The first time I took a statistics class I was mystified with z-scores. I understood how to find a z-score and look up the corresponding probability in a Standard Normal Distribution table. But I had no idea why I did it. I was just following orders. In this post I hope to explain the z-score and why it’s useful.
The first thing to understand about a z-score is that it’s simply a transformation, just like transforming inches to feet. Let’s say you and I each make our own paper airplane, throw them and measure the distance traveled. Mine flies 60 inches. Yours flies 78 inches. Yours flew 18 inches further than mine. We can transform inches to feet by multiplying by \( \frac{1}{12} \). \( 18 \times \frac{1}{12} = 1.5 \). Your airplane flew 1.5 feet further. A z-score is pretty much the same idea. You take an observation from a Normal distribution, measure how far it is from the mean of the distribution, and then convert that distance to a number of standard deviations. A quick example: I observe a measure of 67 inches from a Normal distribution with a mean of 69 and a standard deviation of 4. The z-score is calculated as \( z = \frac{67-69}{4} = -0.5\). That tells me my observation is half a standard deviation away from the mean. The negative tells me it’s less than the mean, which you knew before even doing the calculation. Also, notice there are no units. A z-score doesn’t have units like inches or kilograms. It’s just the number of standard deviations.

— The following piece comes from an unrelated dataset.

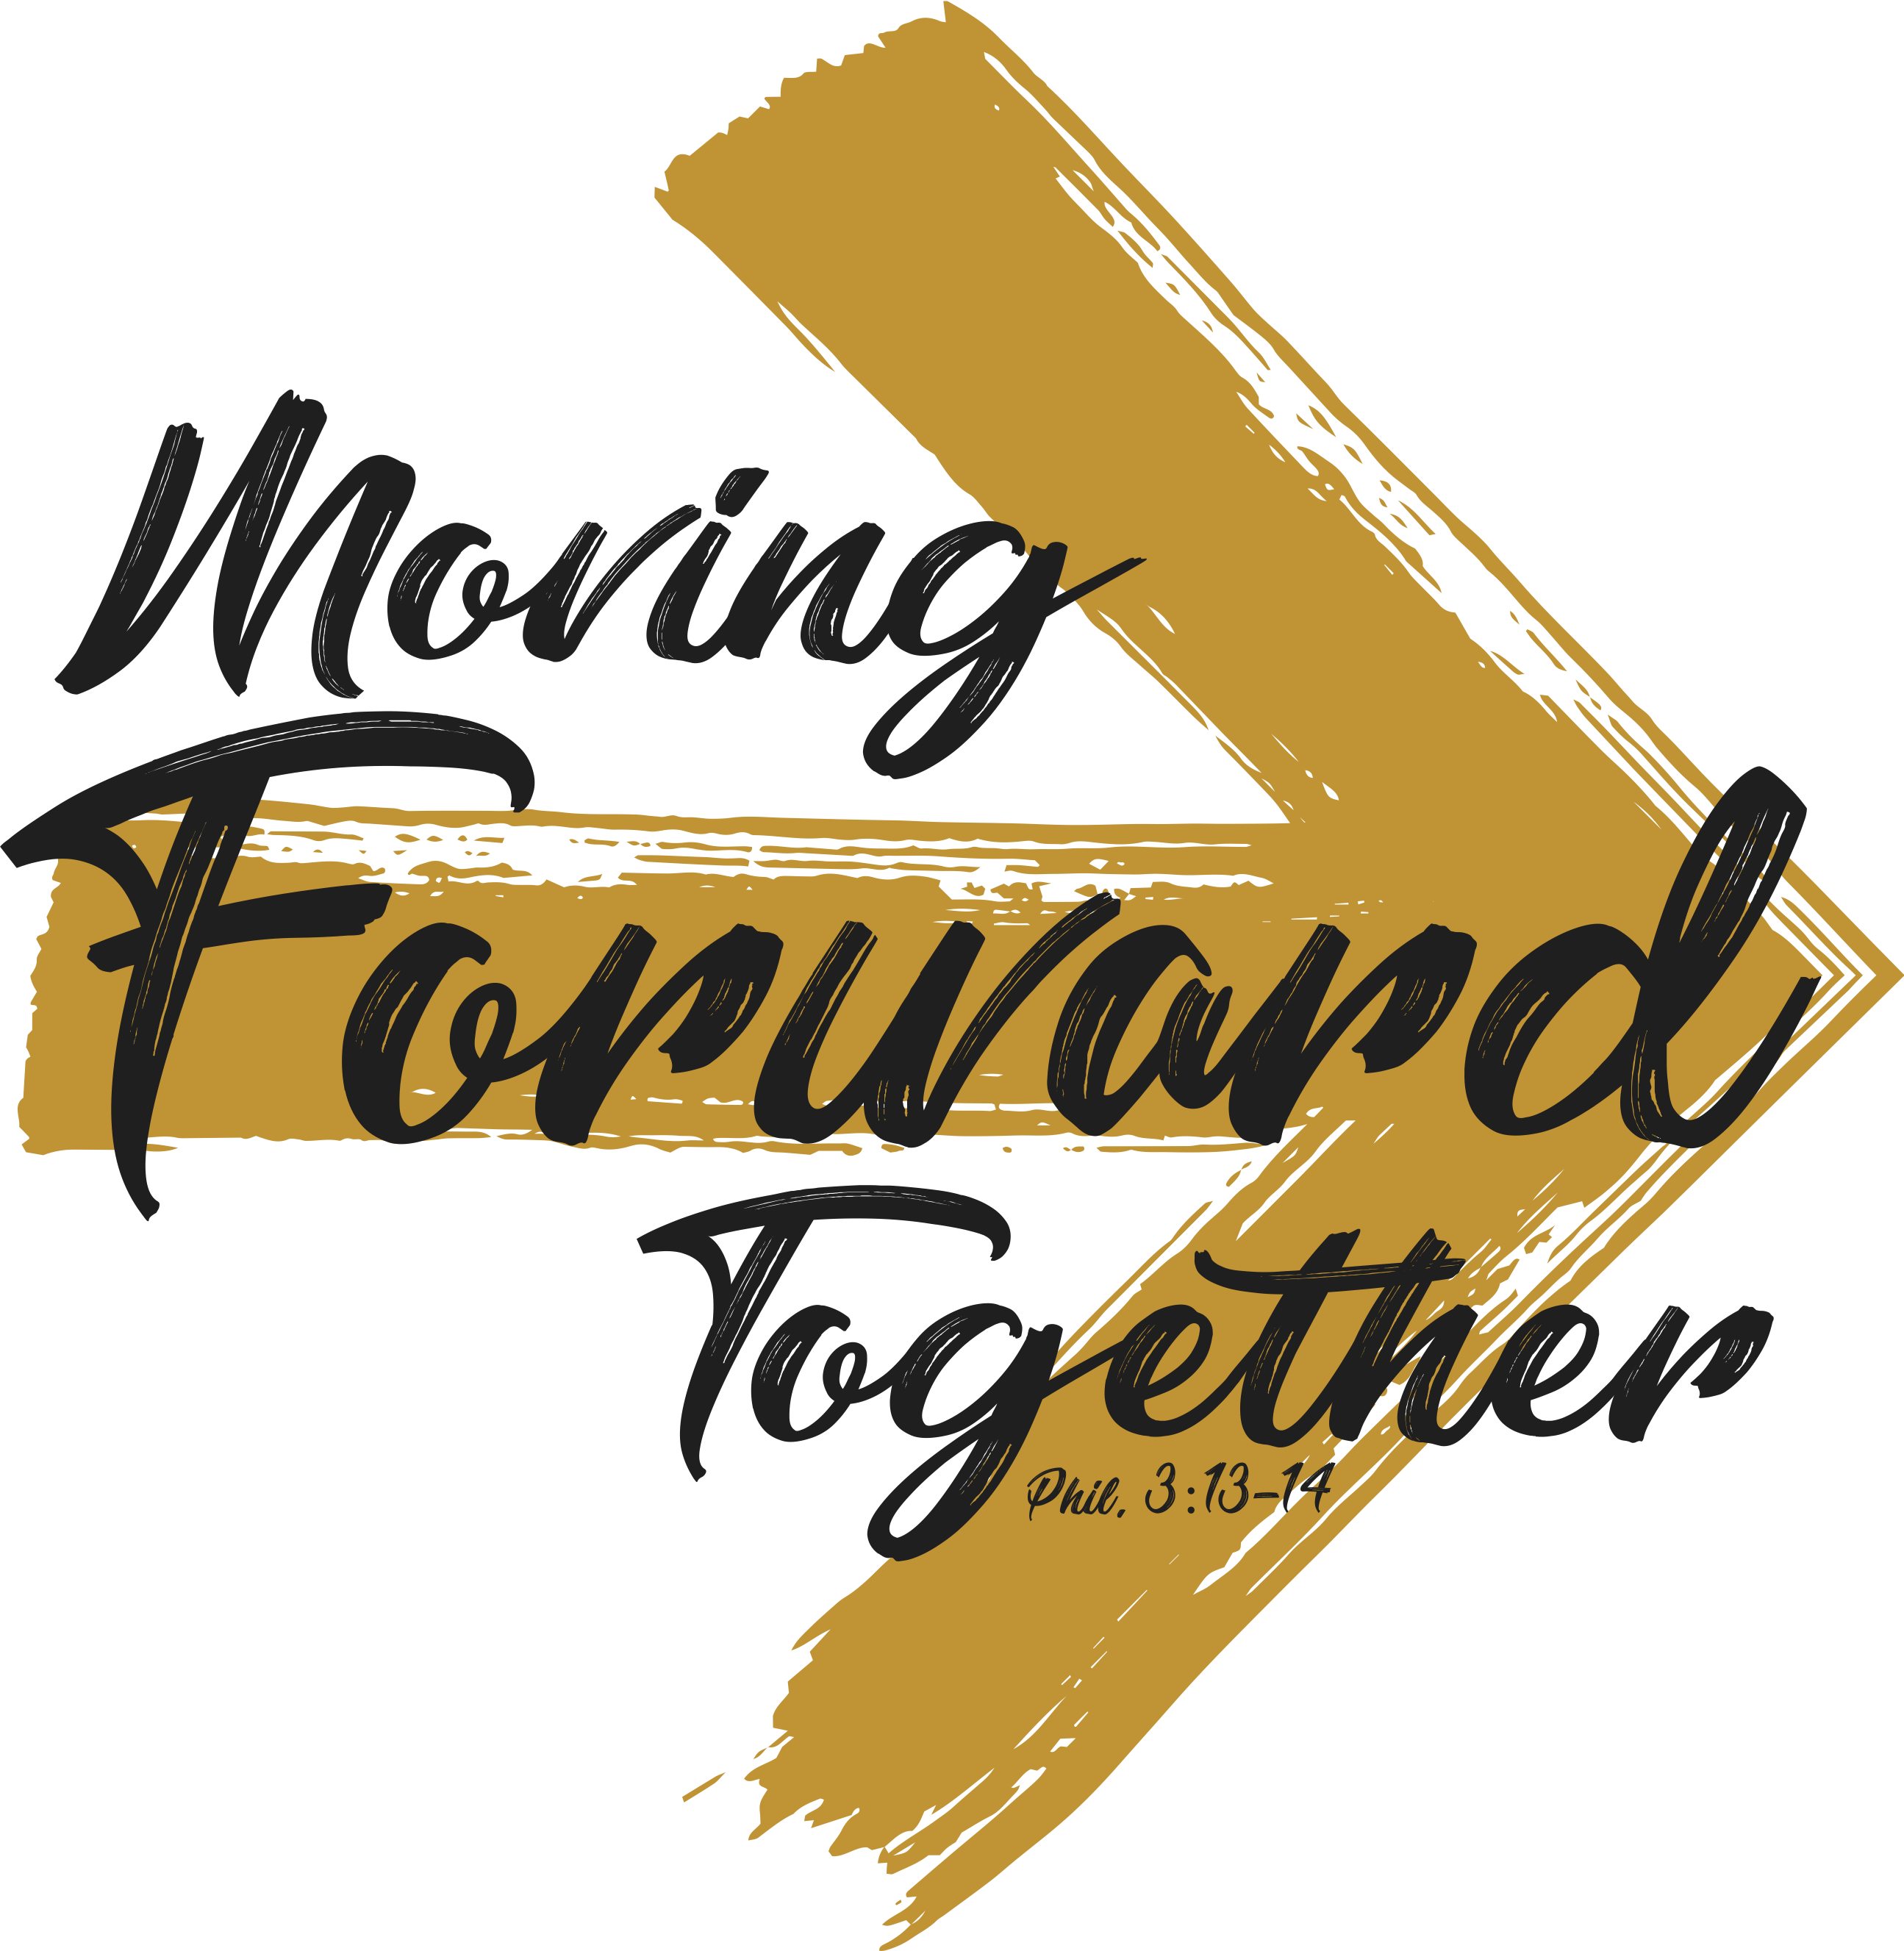 Forward Together - UniversalinMovement
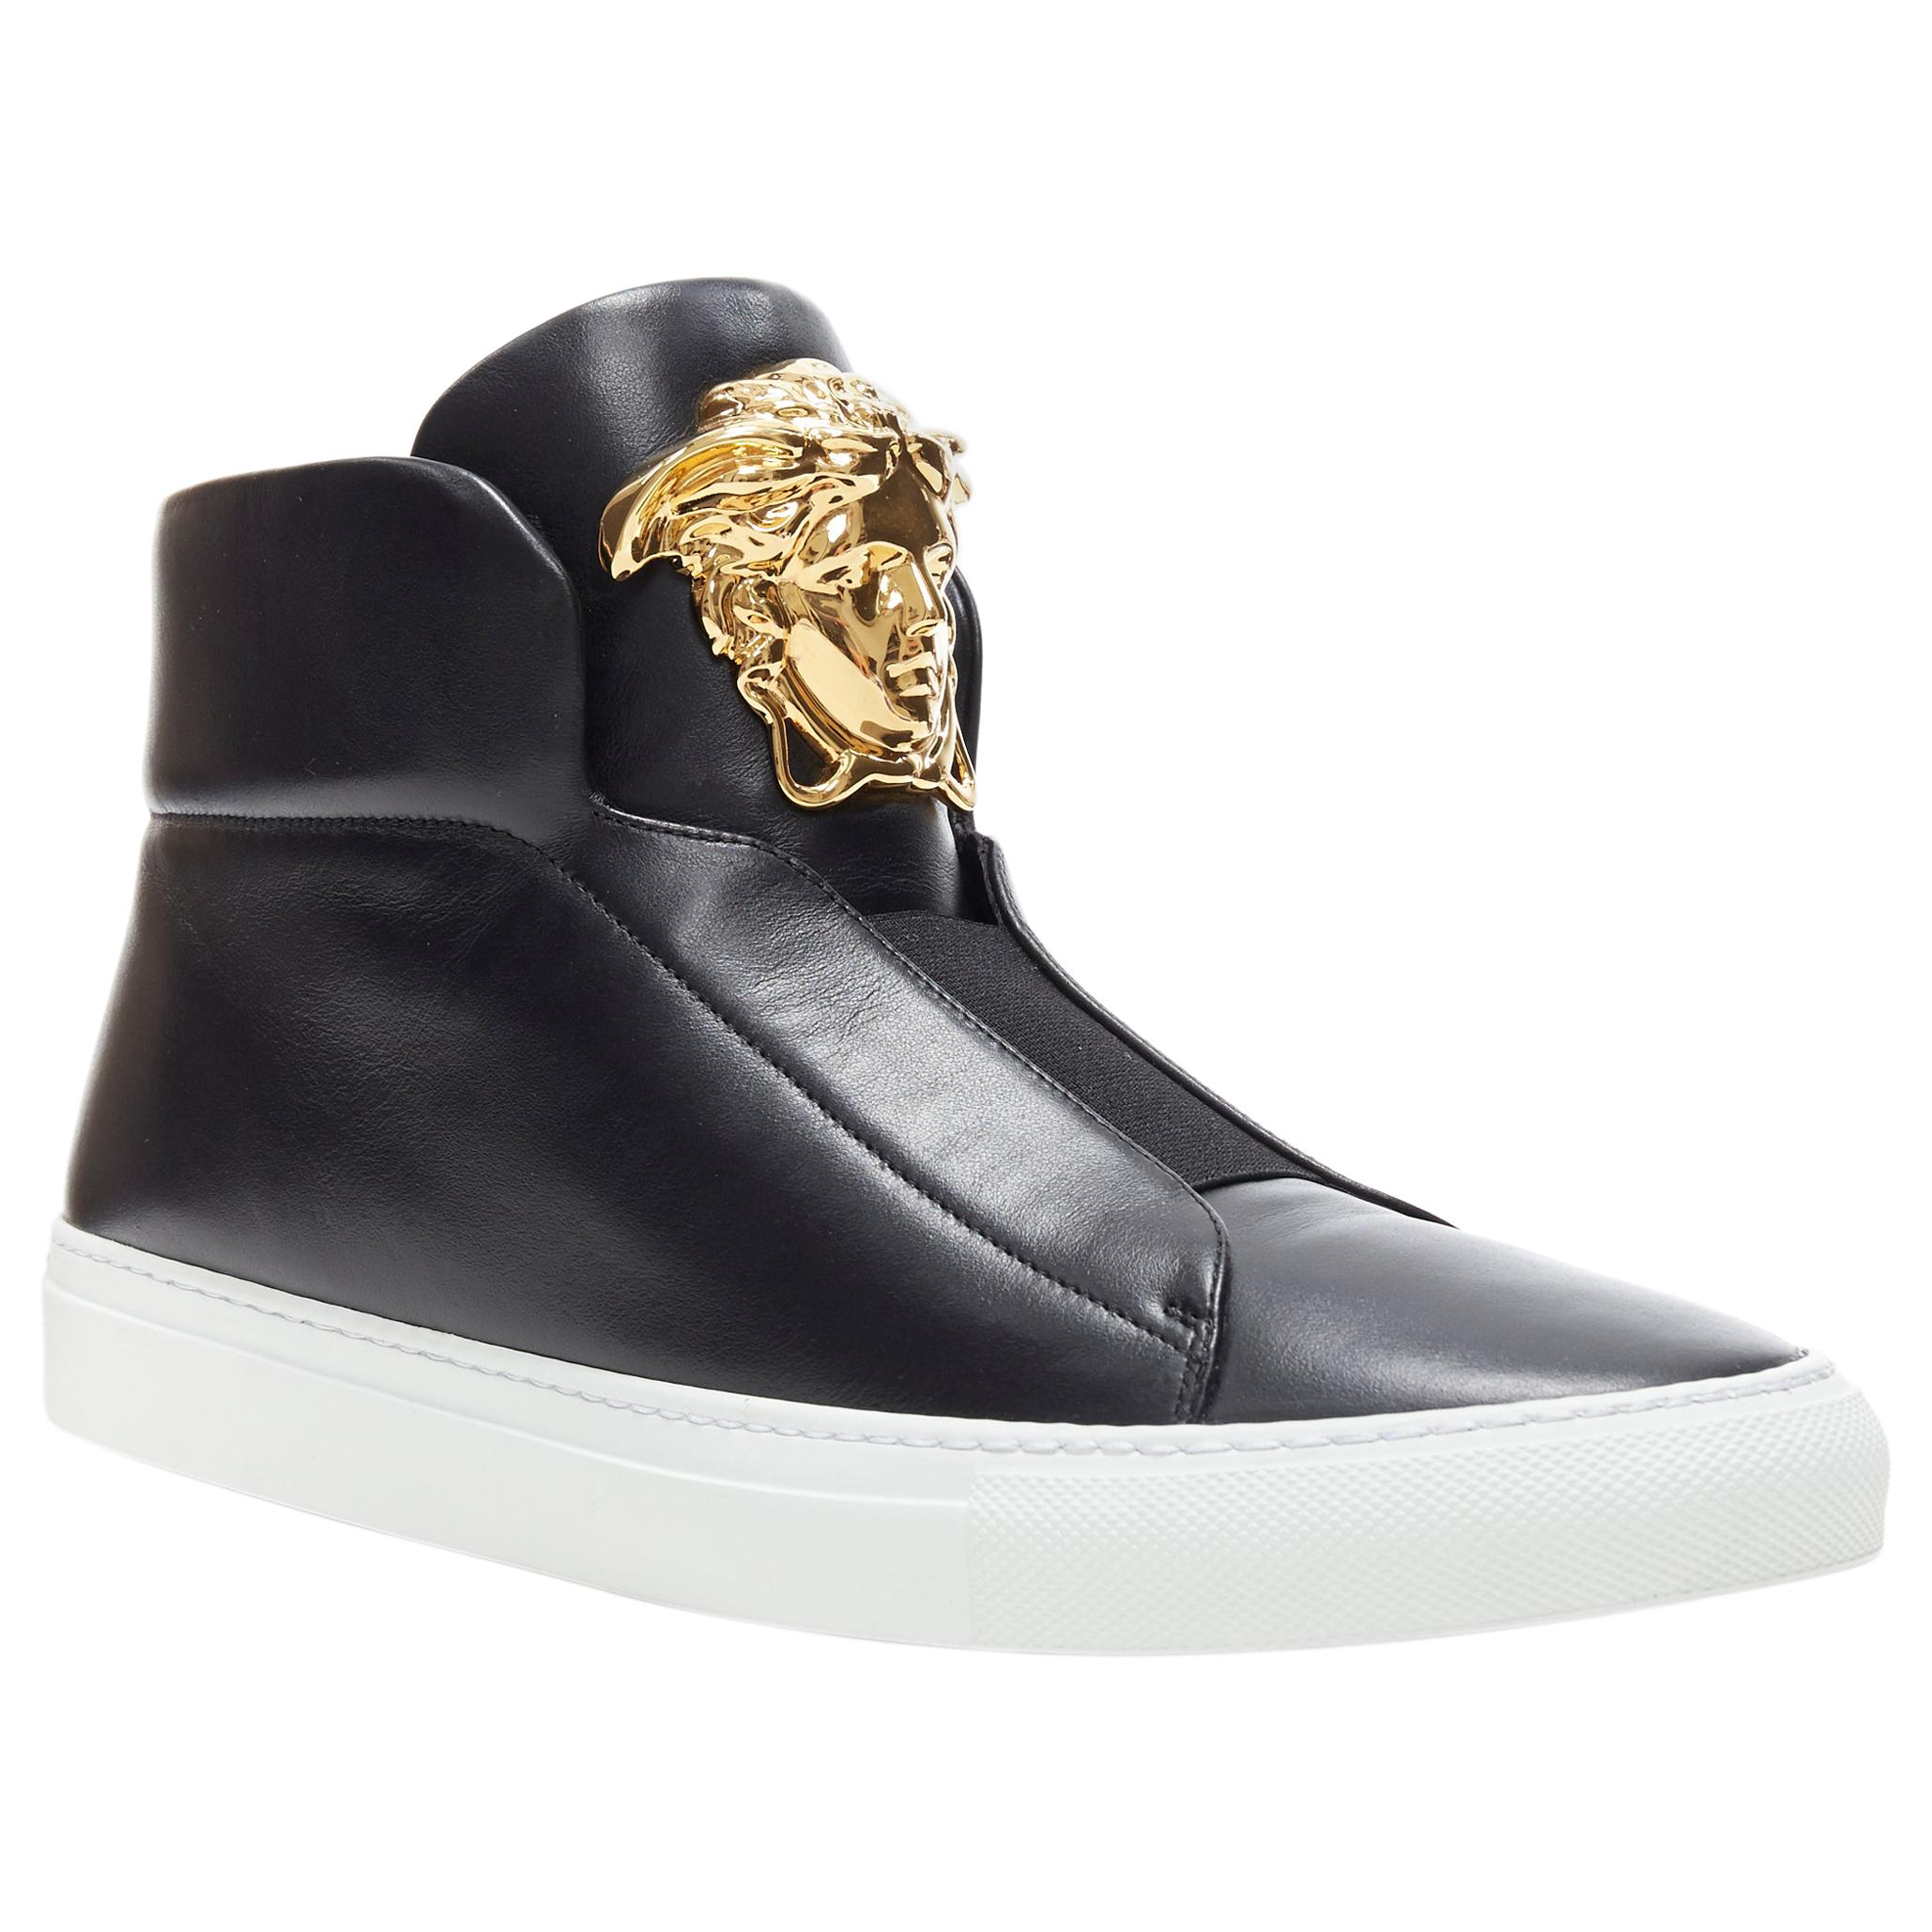 new VERSACE Palazzo gold Medusa black calfskin leather high top sneaker EU41

So that’s your z-score: distance expressed as number of standard deviations. By itself it’s kind of interesting and informative. But it’s rare you stop with the z-score. Usually in statistics the z-score is the first step toward finding a probability. For example, let’s say a candy maker produces mints that have a label weight of 20.4 grams. Assume that the distribution of the weights of these mints is Normal with a mean of 21.37 and a standard deviation of 0.4. If we select a mint at random off the production line, what is the probability it weighs more than 22.07 grams? This is a classic statistics problem. I pulled this one from Probability and Statistical Inference 7th ed. by Hogg and Tanis.
What this problem boils down to is finding the area of the red region below:
The probability of picking a piece of candy that weighs more than 22.07 grams is equal to the red area under the Normal (21.37, 0.4) distribution curve above. Nowadays this is easily done with computers and calculators. In Excel, you simply enter =1-NORMDIST(22.07,21.37,0.4,TRUE) to find the probability as 0.040059. In R, you do 1-pnorm(22.07,mean=21.37,sd=0.4). However, not so long ago, finding this area was no easy task. Mathematically speaking, finding the area means solving the following integral:
$$ \frac{1}{0.4\sqrt{2\pi}}\int_{22.07}^{\infty}exp[-(x-21.37)^2/ 2(0.4)^2] $$
Believe me when I say this is not an easy calculus problem to solve. There is no closed form solution for it. The answer has to be approximated using a power series.
Clever statisticians, however, realized that every Normal distribution can be transformed to a Standard Normal distribution using z-scores. That is, all z-scores come from a Normal distribution with mean 0 and standard deviation 1. So what they did was create a table with approximate probabilities for z-scores ranging from 0 to something like 3.49. (To see one of these tables, Google “Z-score table”). This allowed statisticians (and students) to easily solve problems like the candy problem above by transforming the value of interest to a z-score and then looking up the probability in a chart.
For our problem above, we would find \( z = \frac{22.07-21.37}{0.4} = 1.75\). Now the problem is find the probability of exceeding 1.75 in a Normal distribution with mean 0 and standard deviation 1. We would then look up 1.75 in a table and see the resulting probability. Usually the probability (or area under the curve) was calculated to the left of the z-score. For our problem we need area to the right of the z-score. If the table gave area to the left, we would simply subtract from 1. In the table I linked to, the probability for 1.75 is given as 0.9599. That’s area to the left. The area to the right is 1-0.9599 = 0.0401.
For many years, that was the TRUE value of a z-score. It allowed you to calculate areas under the normal curve by giving you a link to a table of pre-calculated values. I think most statistics classes still teach this method of finding probabilities, or at least mention it. But truth be told it’s obsolete. The math is now easily handled by computer. So while the z-score is still a useful descriptive measure of how far an observation lies from the mean of the Normal distribution from which it came, it’s no longer needed as it was in the past to find the area under the Normal curve.
So there you go, the story behind z-scores. Hopefully this post added to your understanding. If anything, I hope you appreciate what they meant to statisticians before modern computing. They truly were the only way to calculate probabilities based on a Normal distribution.